**EXERCISE AIM:** The material beneath this line should be printed exactly, with its pictures omitted.
[Opening AVAILABLE DATA section]
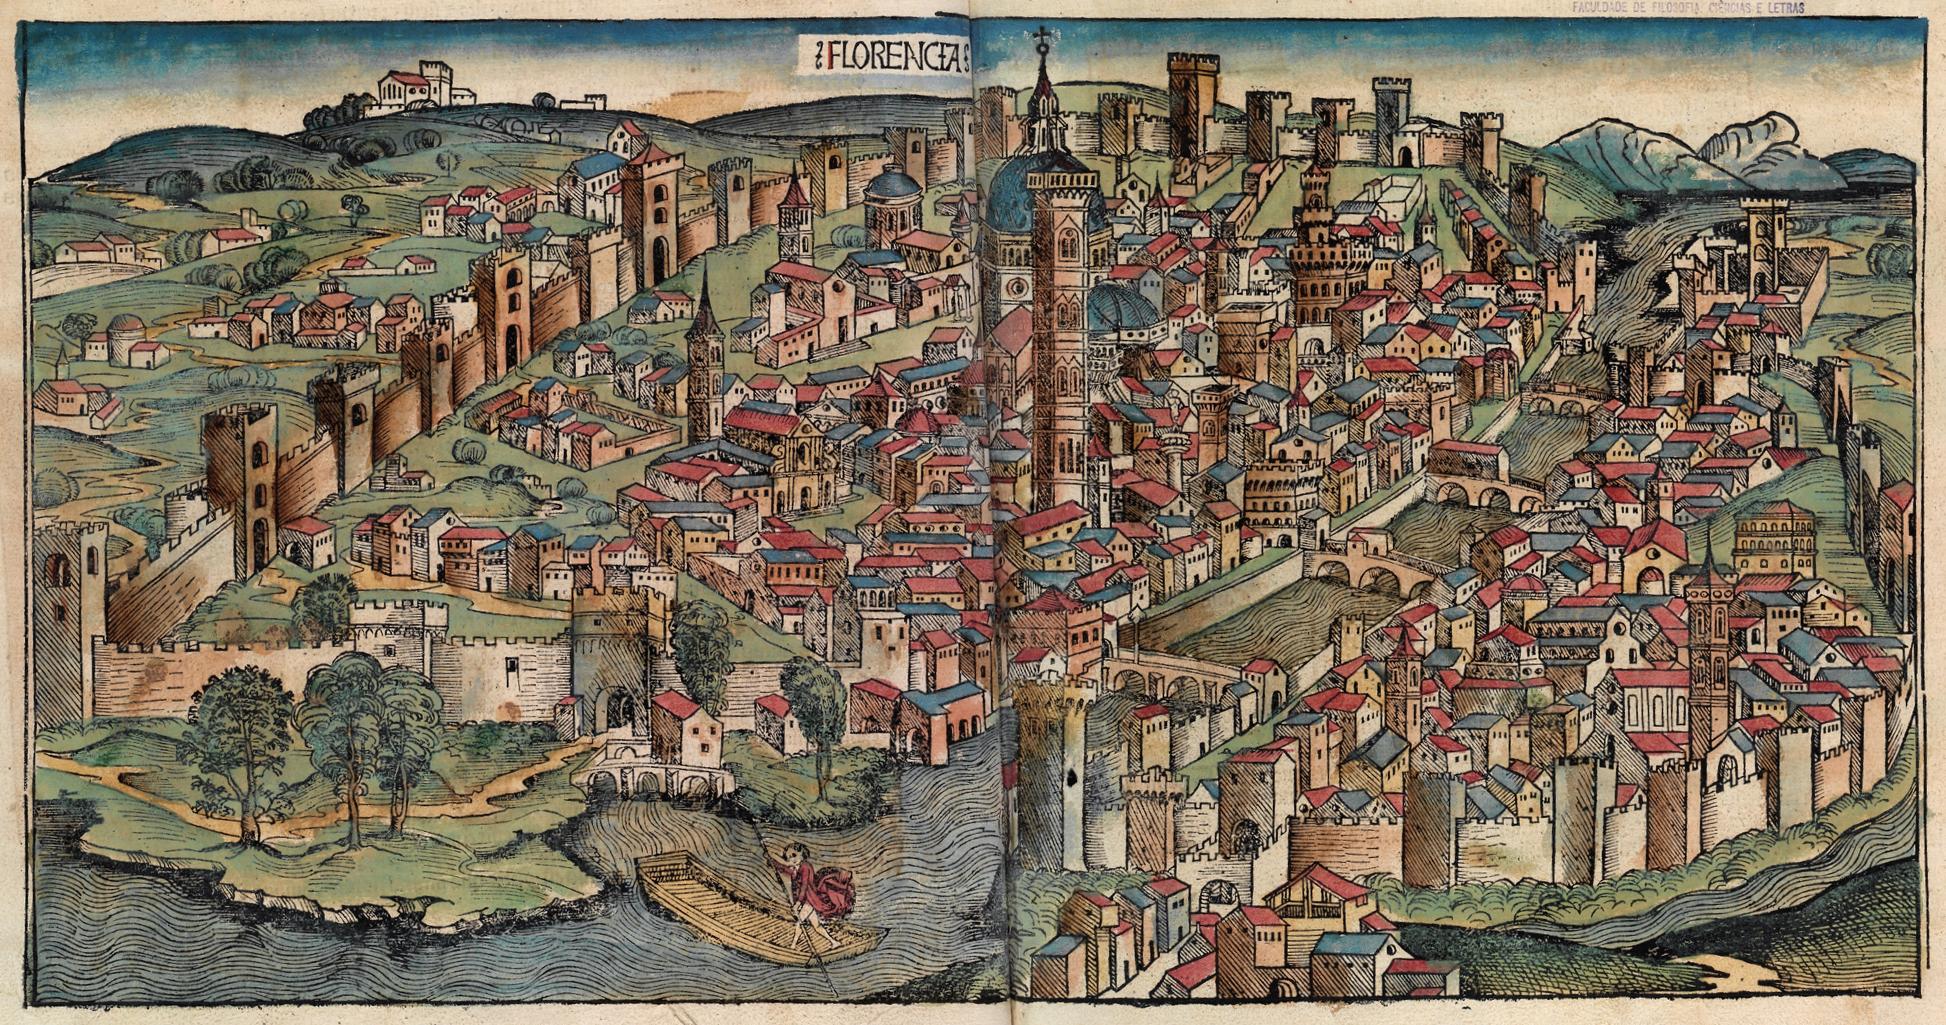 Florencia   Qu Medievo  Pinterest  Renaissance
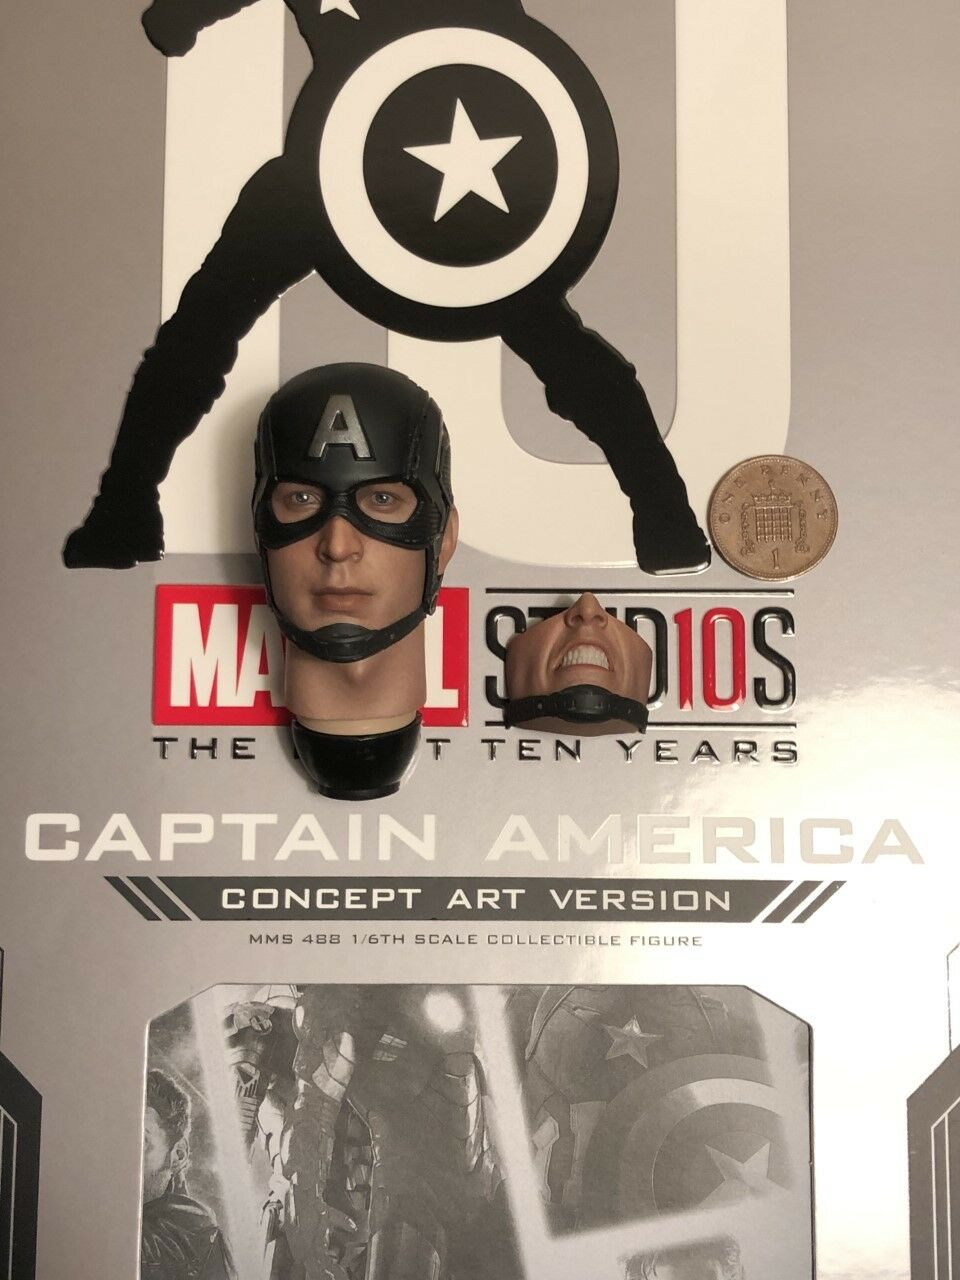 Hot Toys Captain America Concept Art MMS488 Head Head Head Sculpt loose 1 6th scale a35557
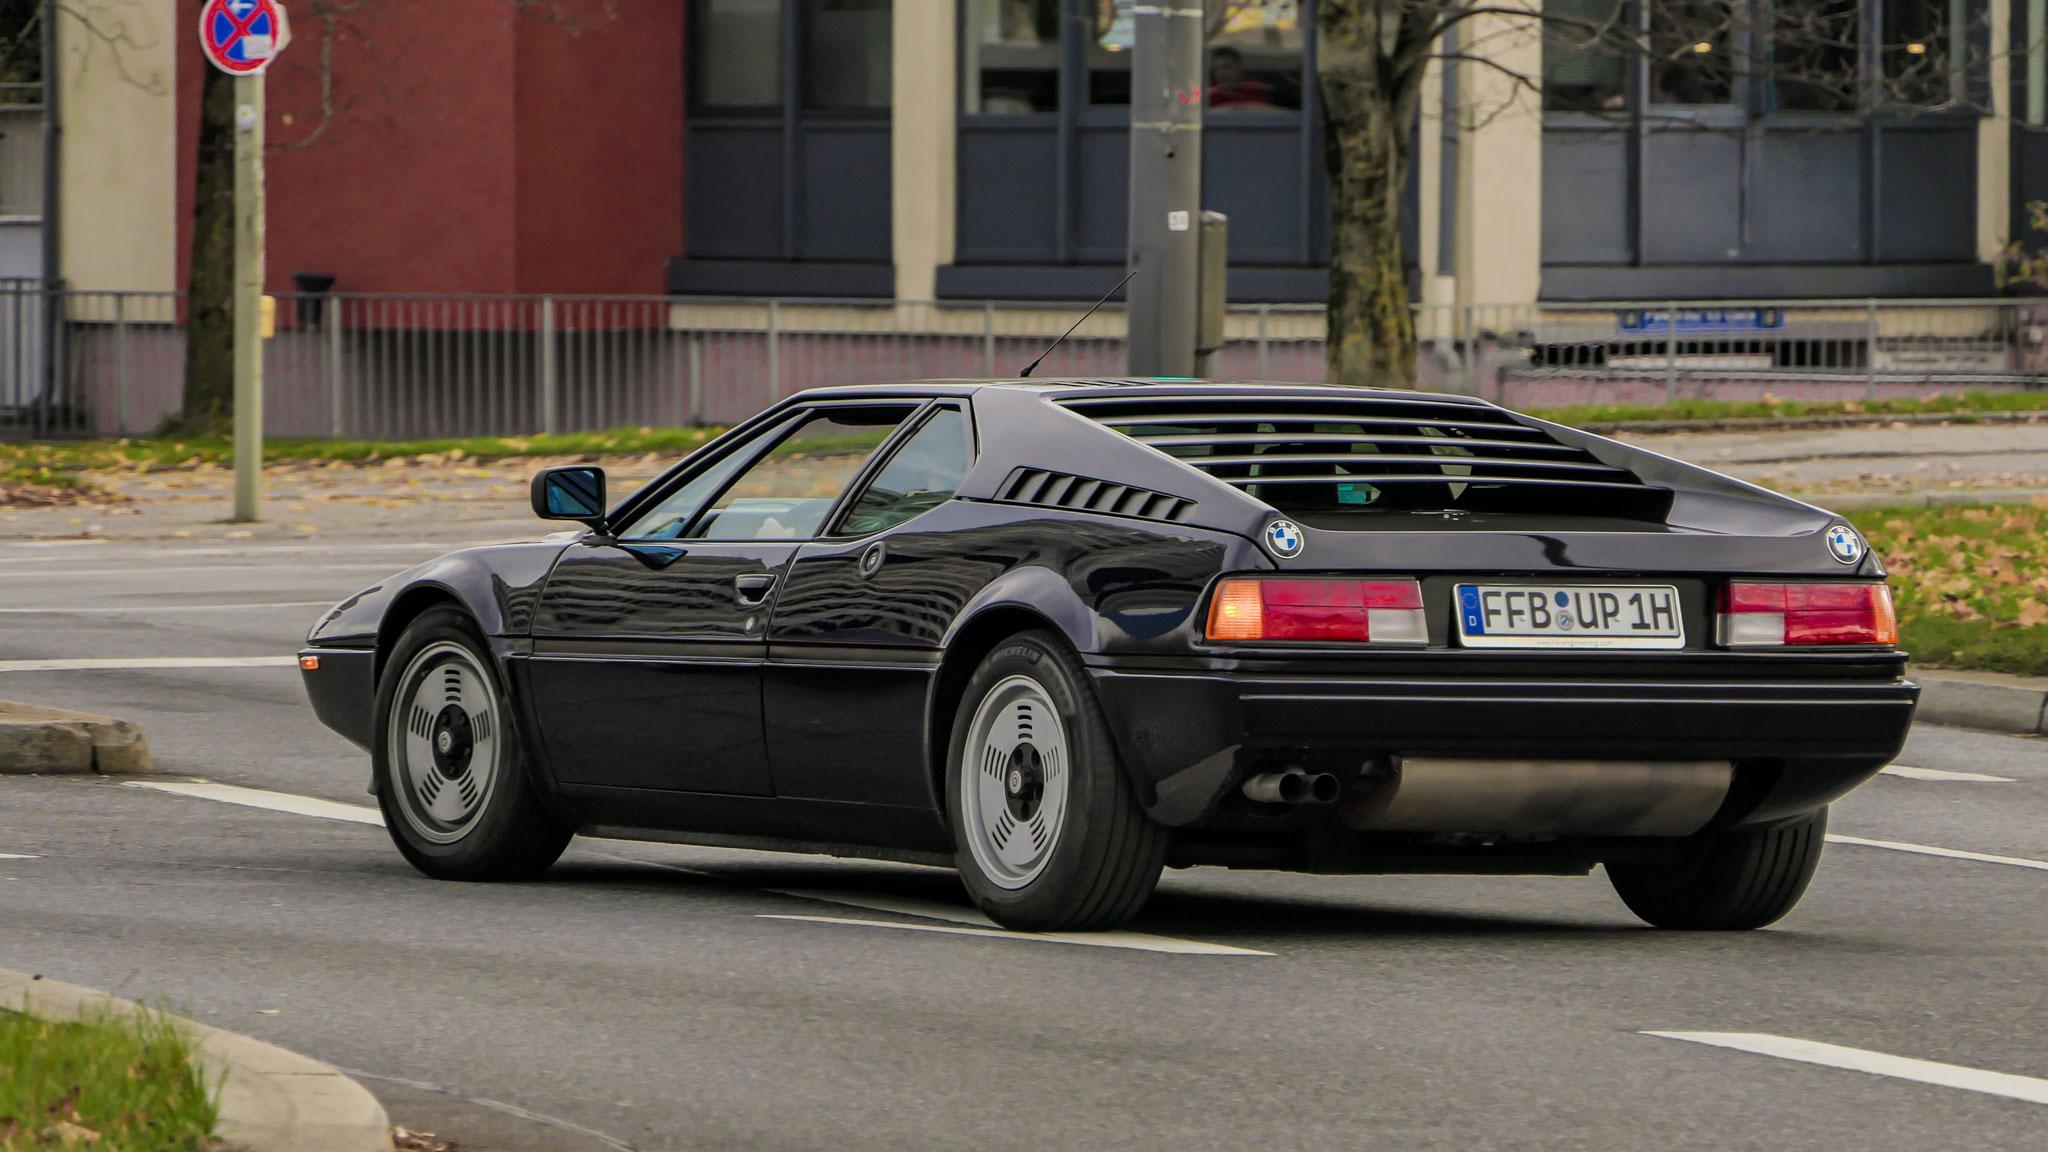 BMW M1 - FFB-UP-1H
[Closing AVAILABLE DATA section]
**COMPLETED TASK:**
 Florencia   Qu Medievo  Pinterest  Renaissance
 Hot Toys Captain America Concept Art MMS488 Head Head Head Sculpt loose 1 6th scale a35557
 BMW M1 - FFB-UP-1H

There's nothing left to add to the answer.